WORK ITEM —
Give the data again exactly, without its images.

COLLECTED MATERIAL —
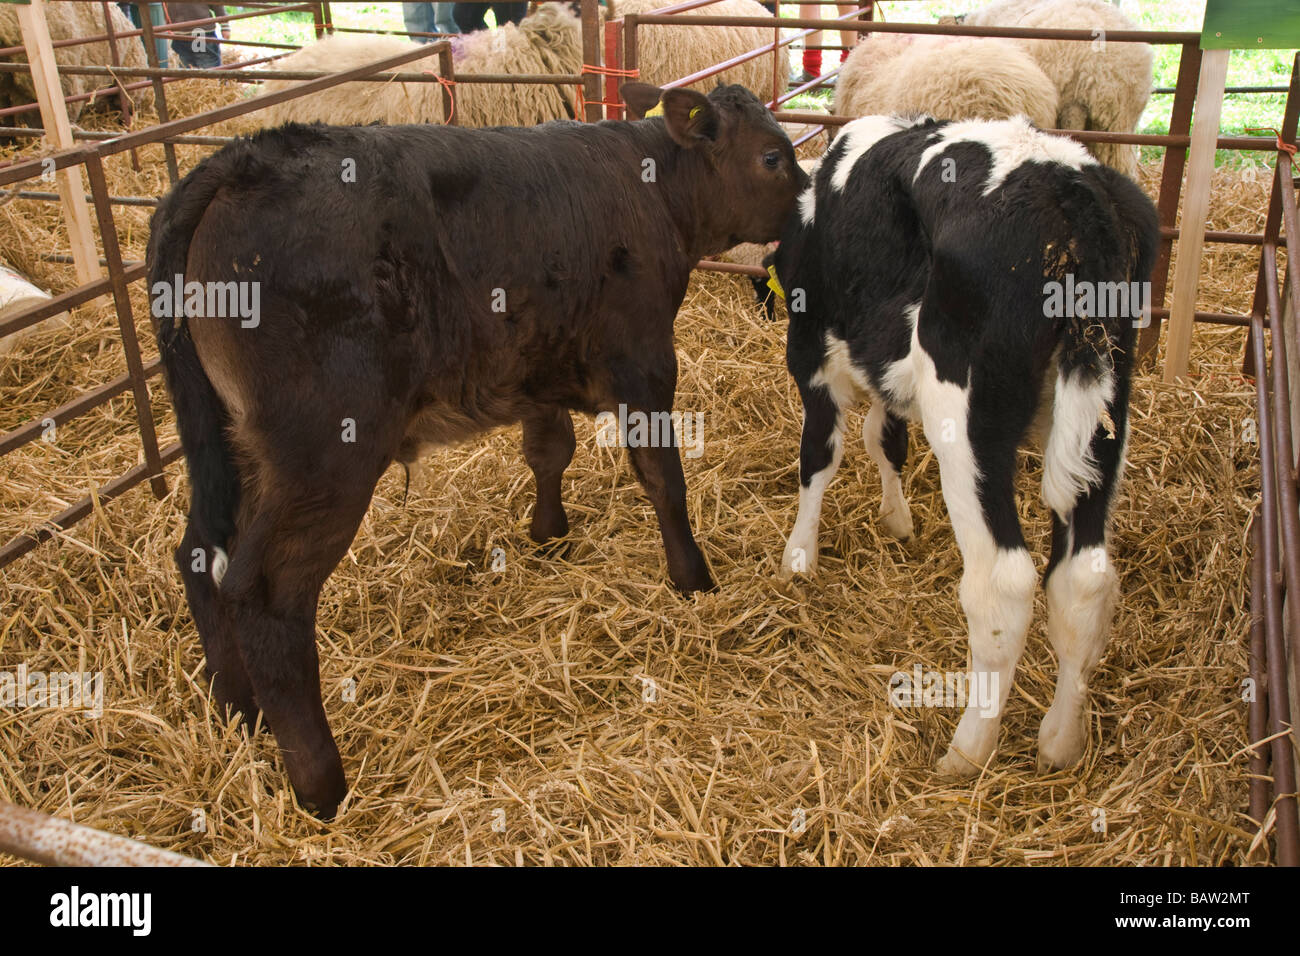 Zwei junge Kälber, man ein Rind-Kalb, das andere ein Holstein Molkerei Kalb. In Stift zum Vergleich zusammen gelegt. Stockfoto
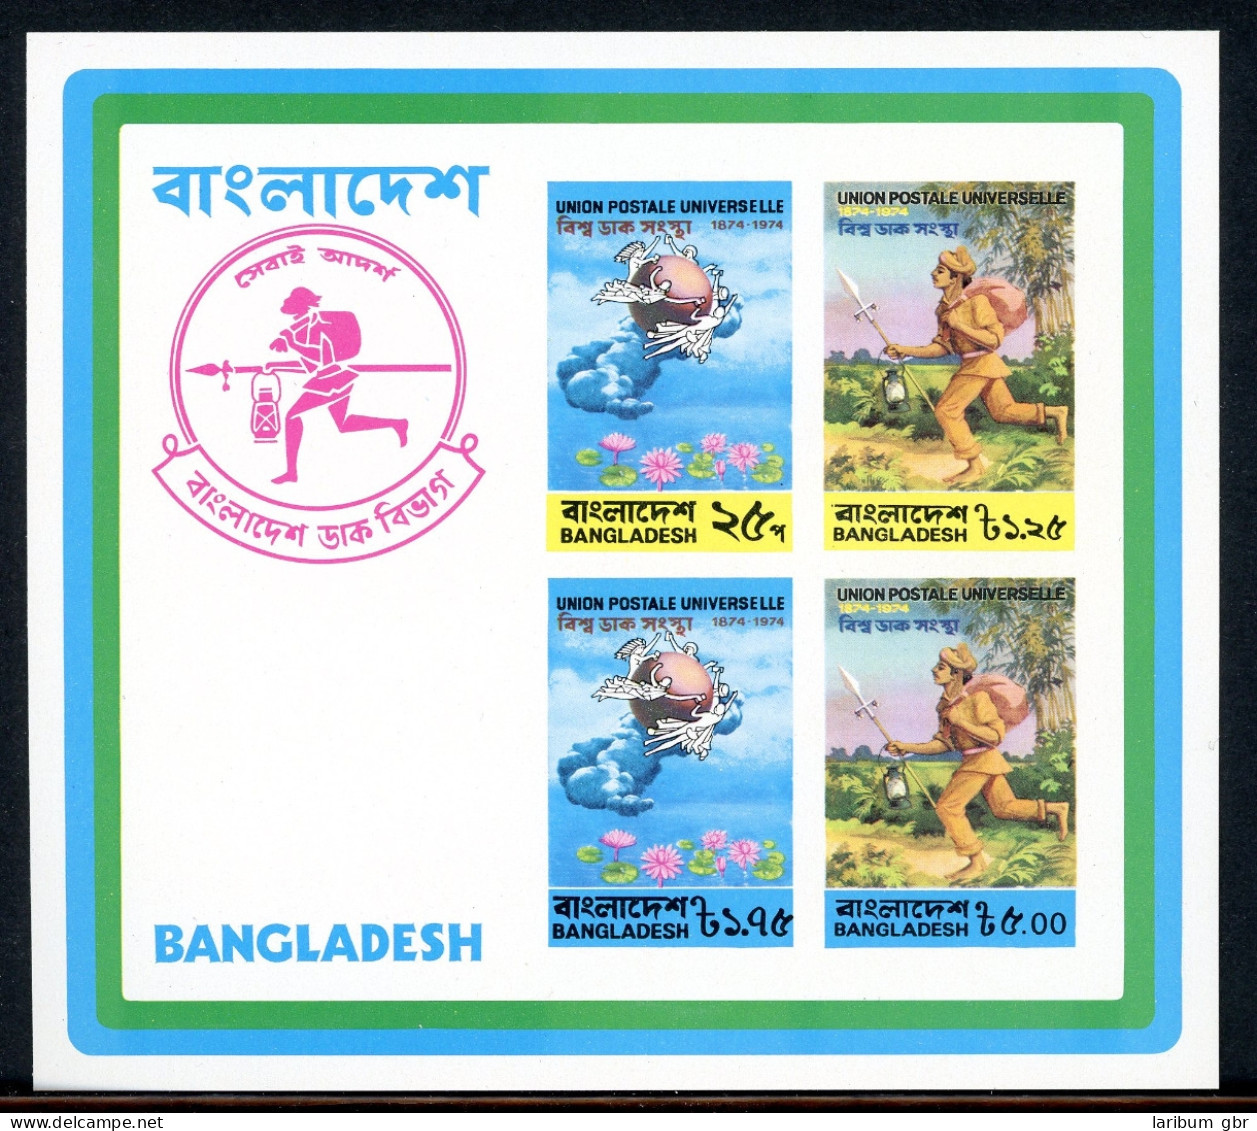 Bangladesch Block 1 Postfrisch UPU #HO546 - Bangladesch
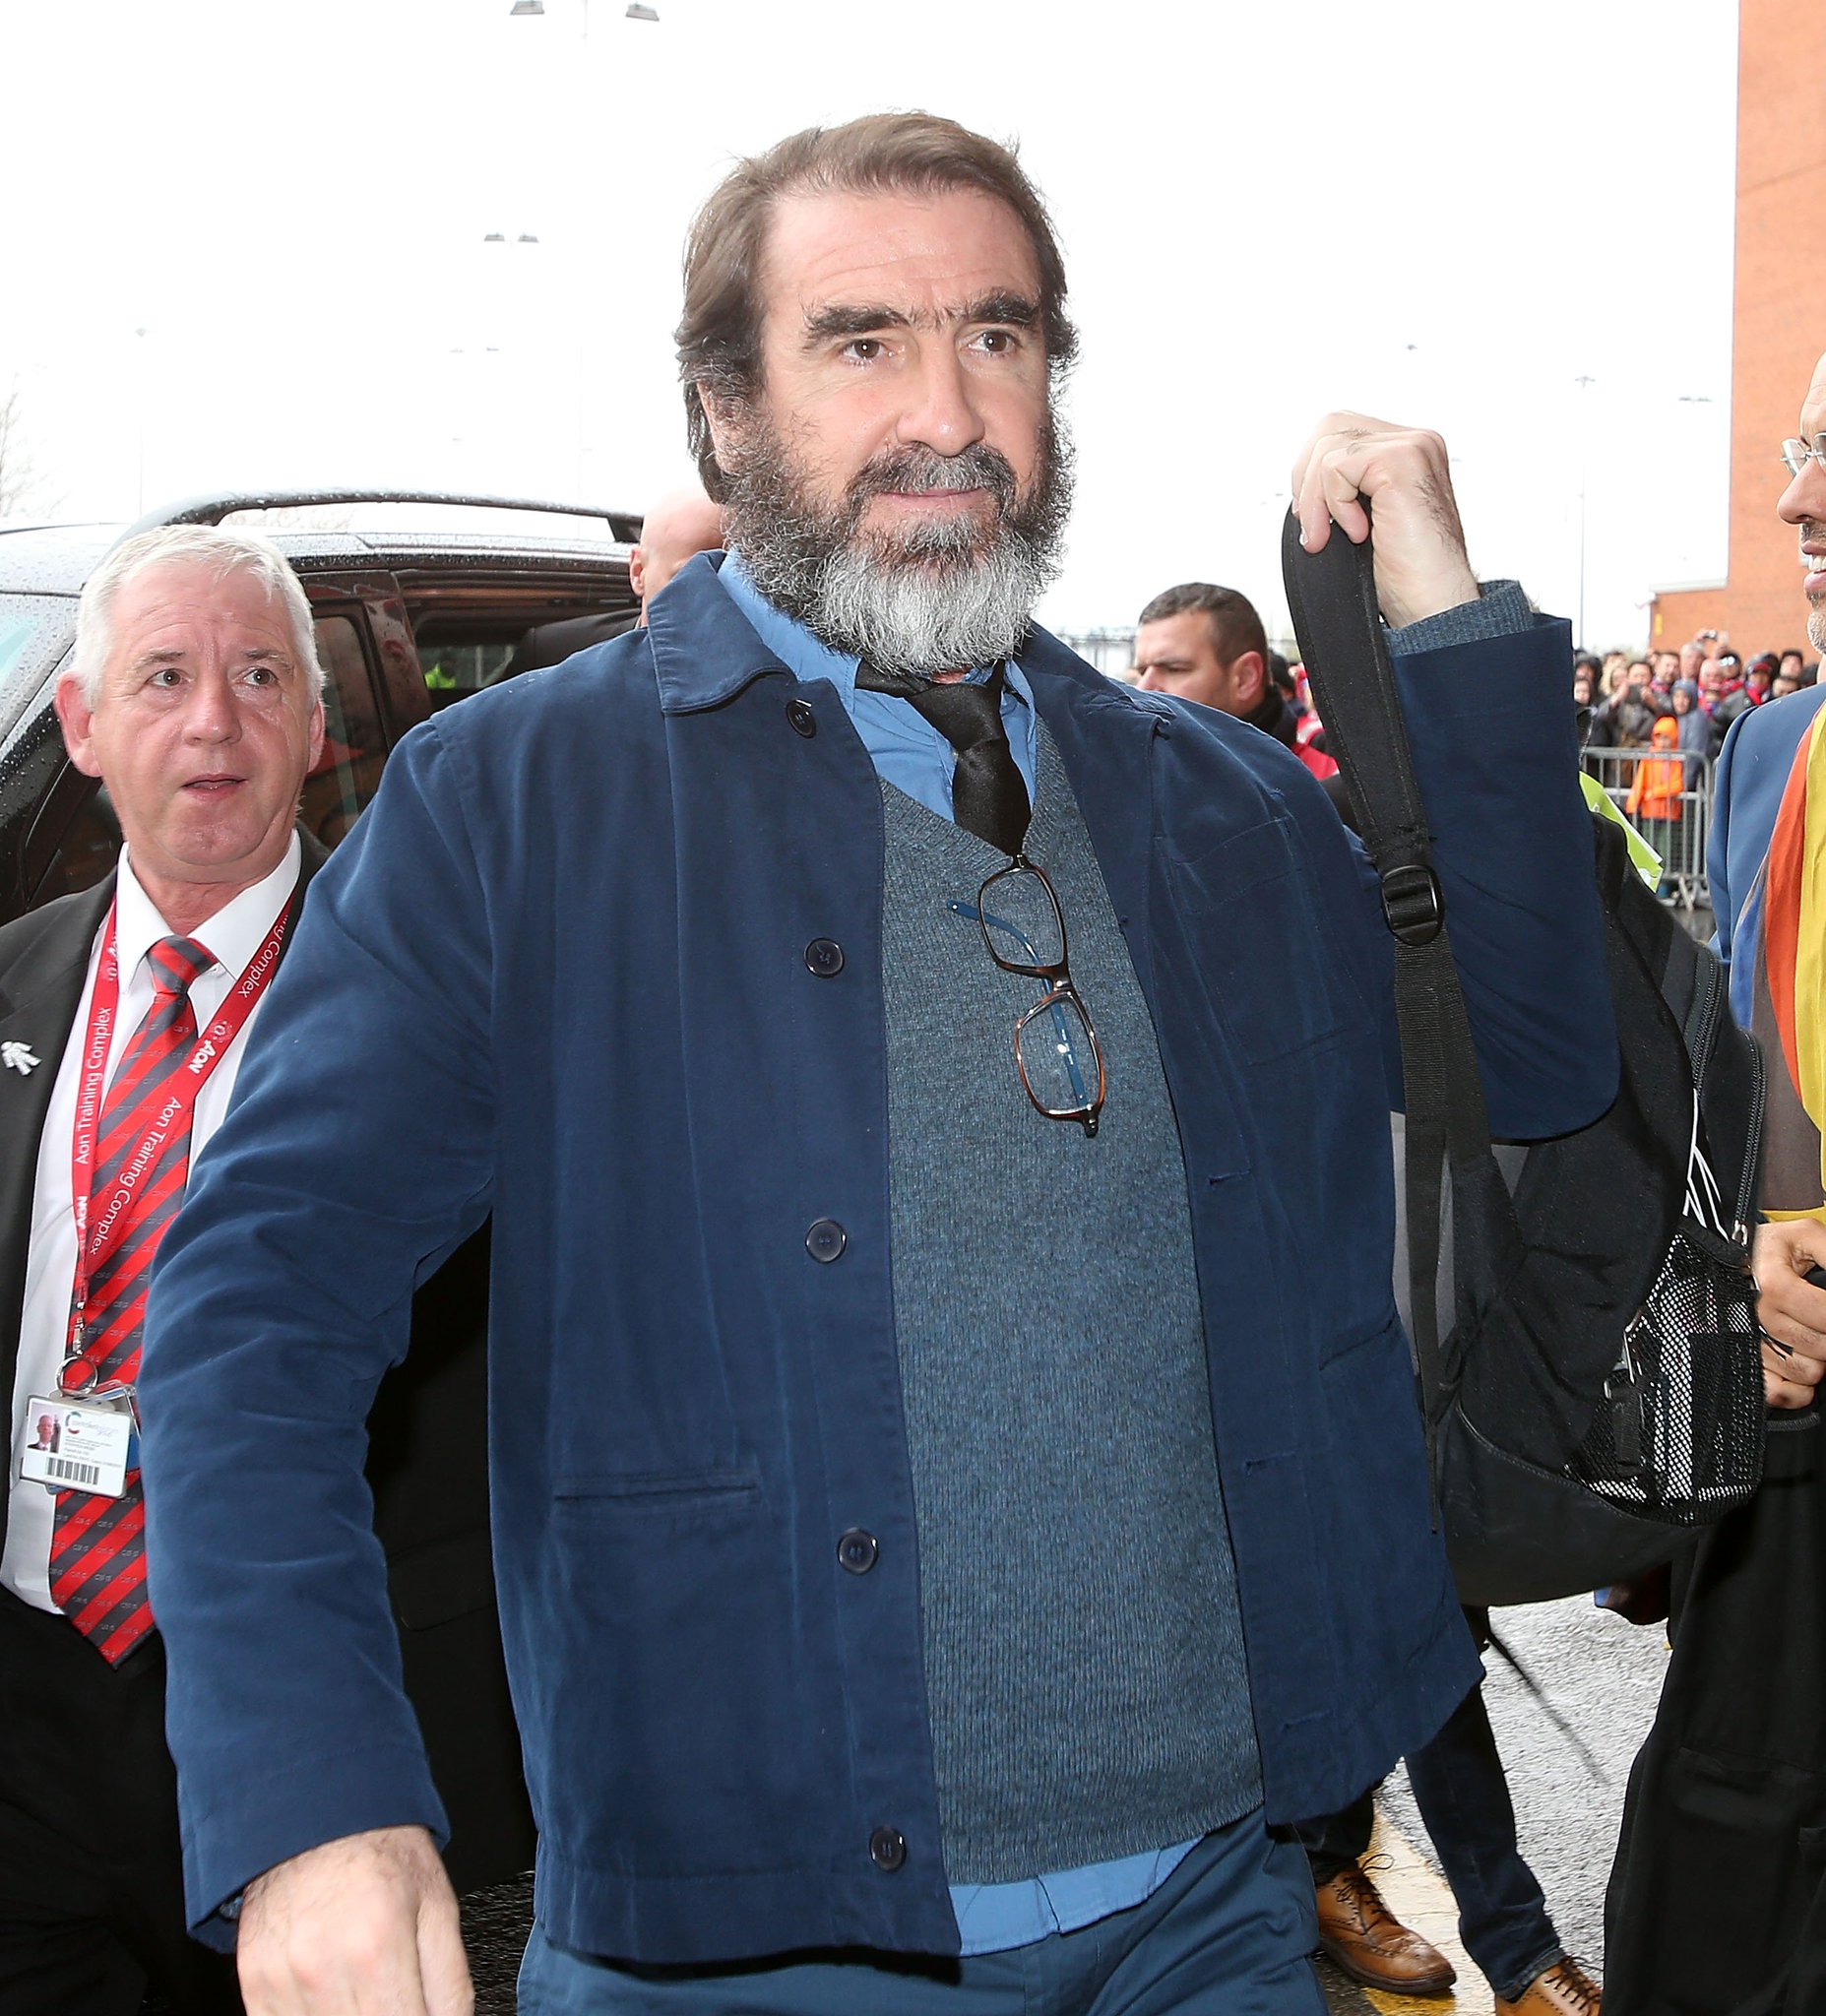  Happy birthday to Man Utd Legend Eric Cantona!

COMPLETED TASK —
 Zwei junge Kälber, man ein Rind-Kalb, das andere ein Holstein Molkerei Kalb. In Stift zum Vergleich zusammen gelegt. Stockfoto
 Bangladesch Block 1 Postfrisch UPU #HO546 - Bangladesch
  Happy birthday to Man Utd Legend Eric Cantona!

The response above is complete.